# Work request
Give the listing again, word for word, and let no picture into it.

[Opening Given data section]

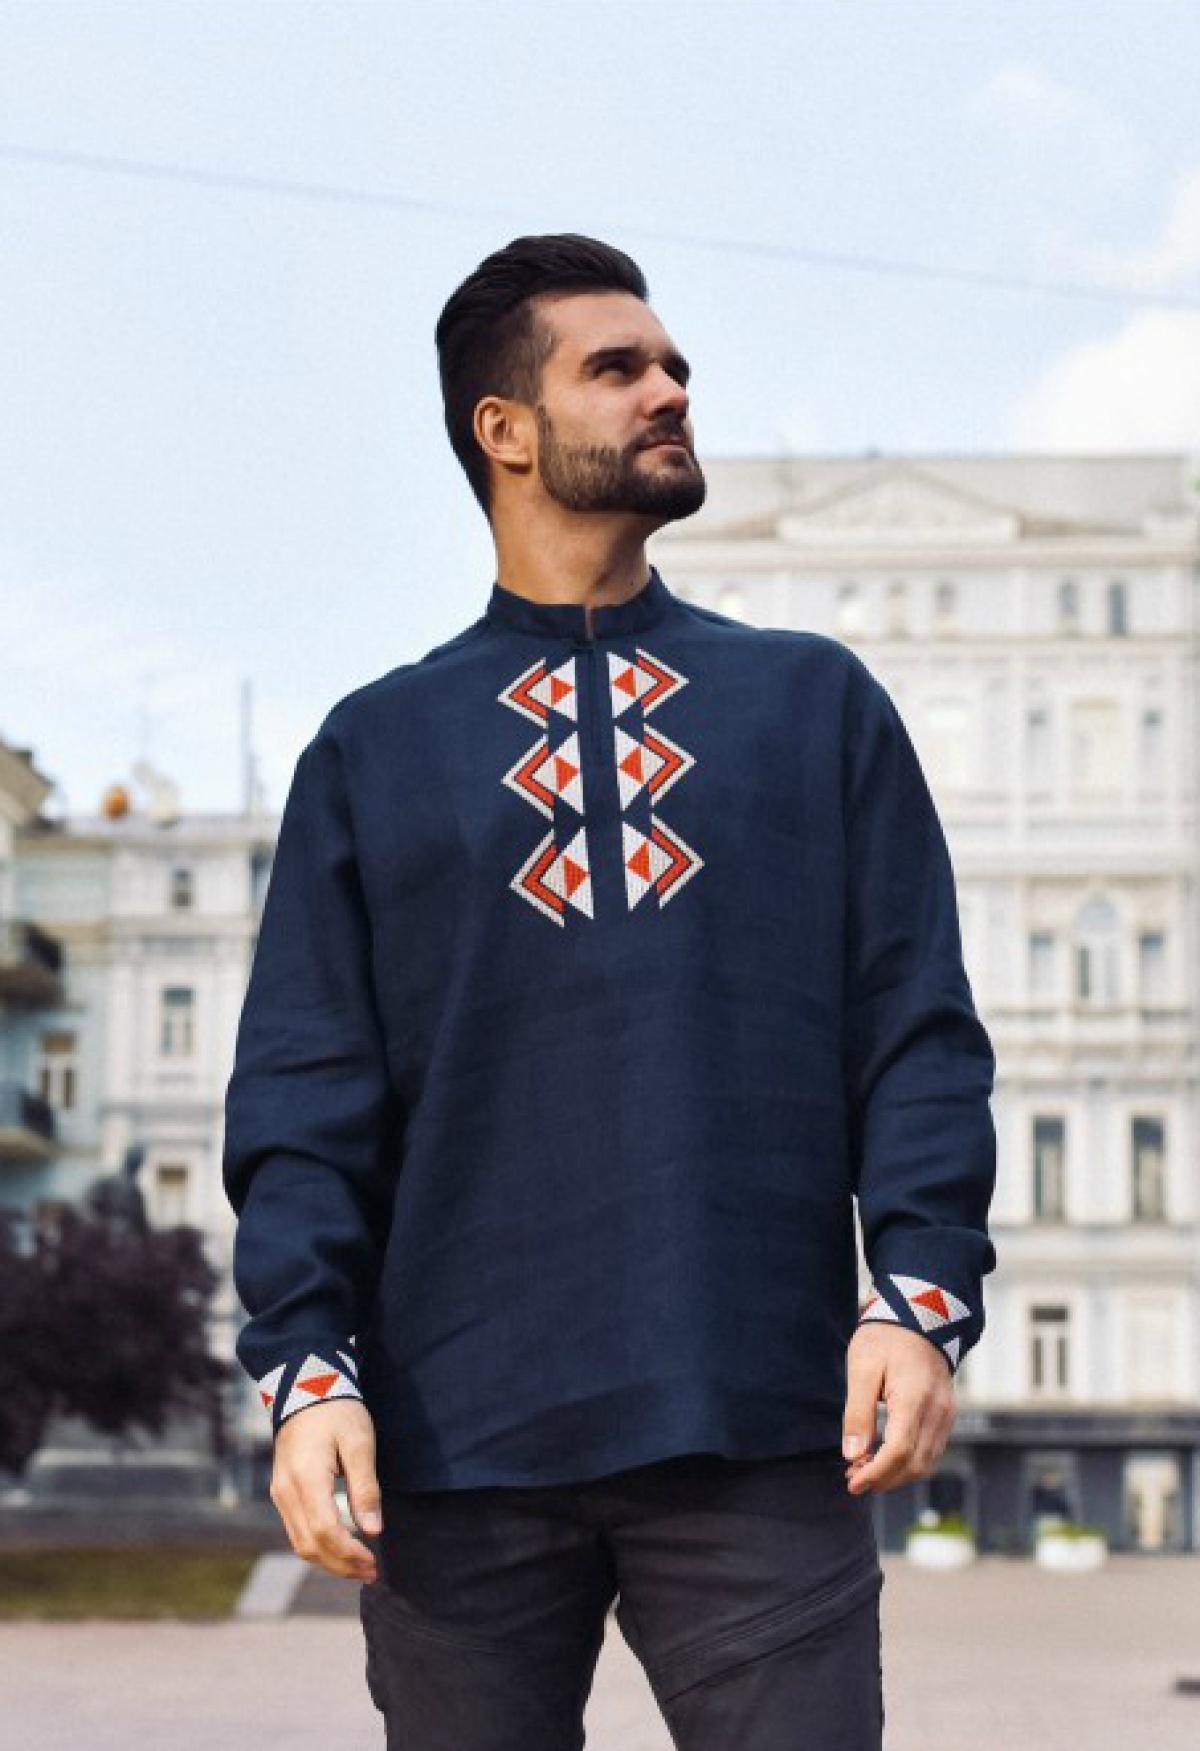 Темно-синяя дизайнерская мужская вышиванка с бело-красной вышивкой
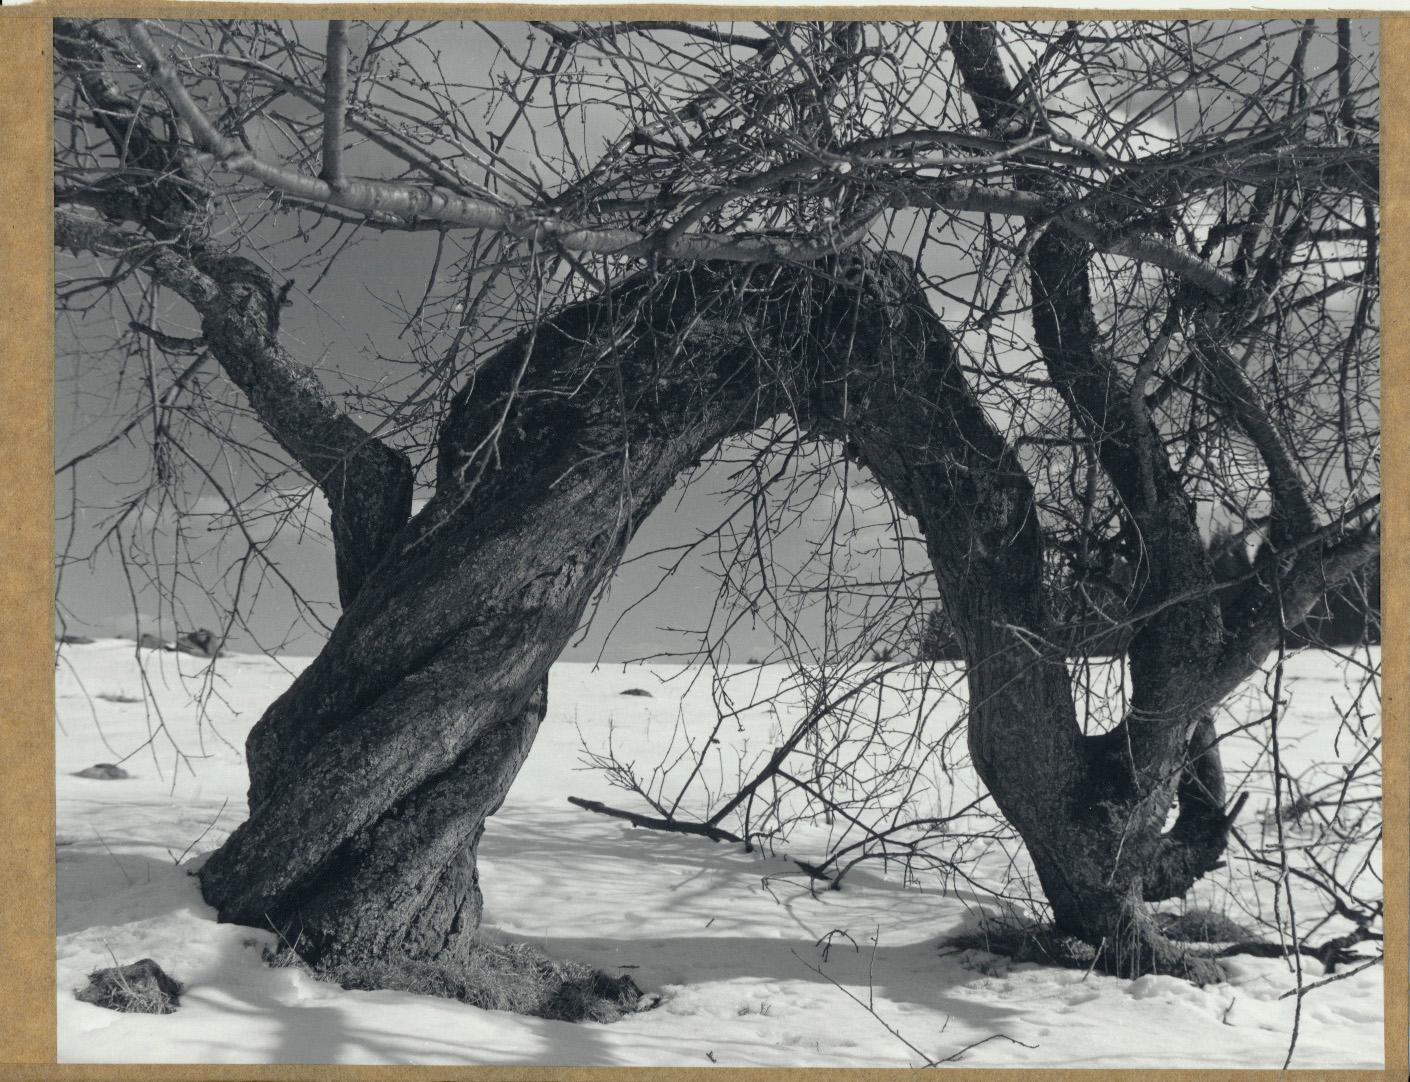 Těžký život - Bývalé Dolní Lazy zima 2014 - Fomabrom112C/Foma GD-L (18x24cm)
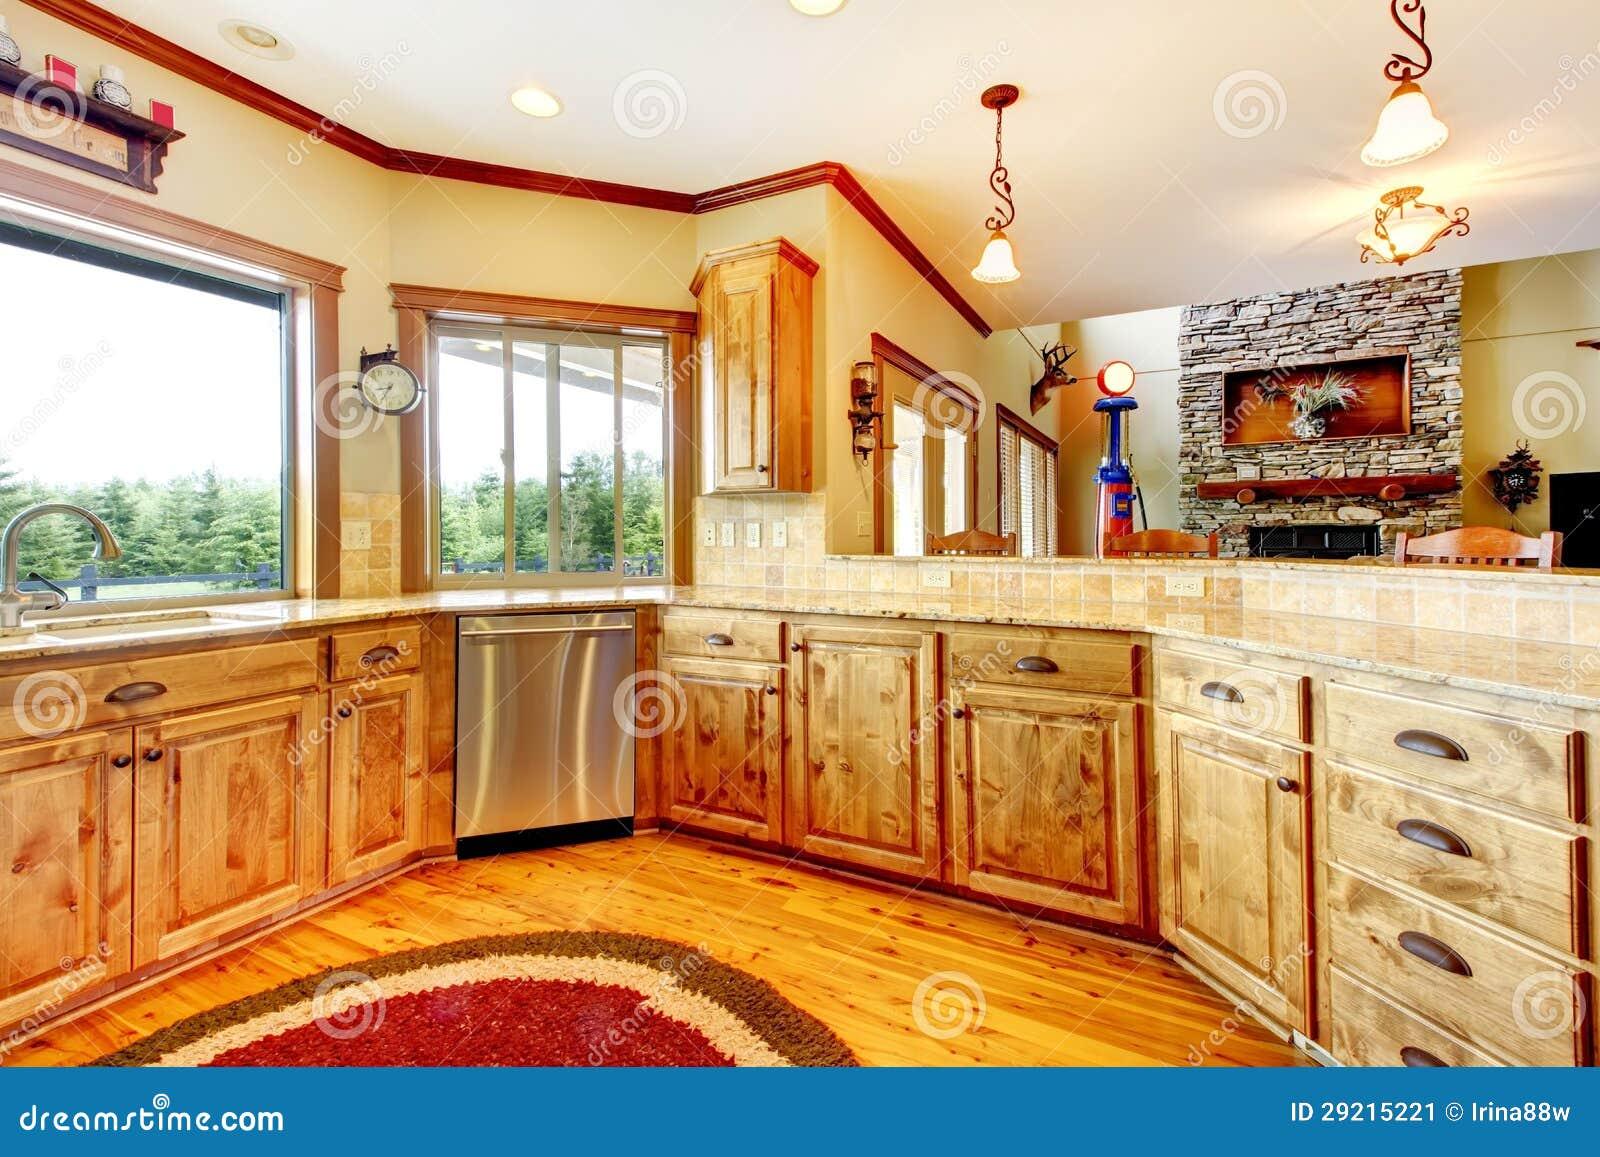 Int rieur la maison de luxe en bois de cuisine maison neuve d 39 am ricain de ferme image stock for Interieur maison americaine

[Closing Given data section]

# Result below
 Темно-синяя дизайнерская мужская вышиванка с бело-красной вышивкой
 Těžký život - Bývalé Dolní Lazy zima 2014 - Fomabrom112C/Foma GD-L (18x24cm)
 Int rieur la maison de luxe en bois de cuisine maison neuve d 39 am ricain de ferme image stock for Interieur maison americaine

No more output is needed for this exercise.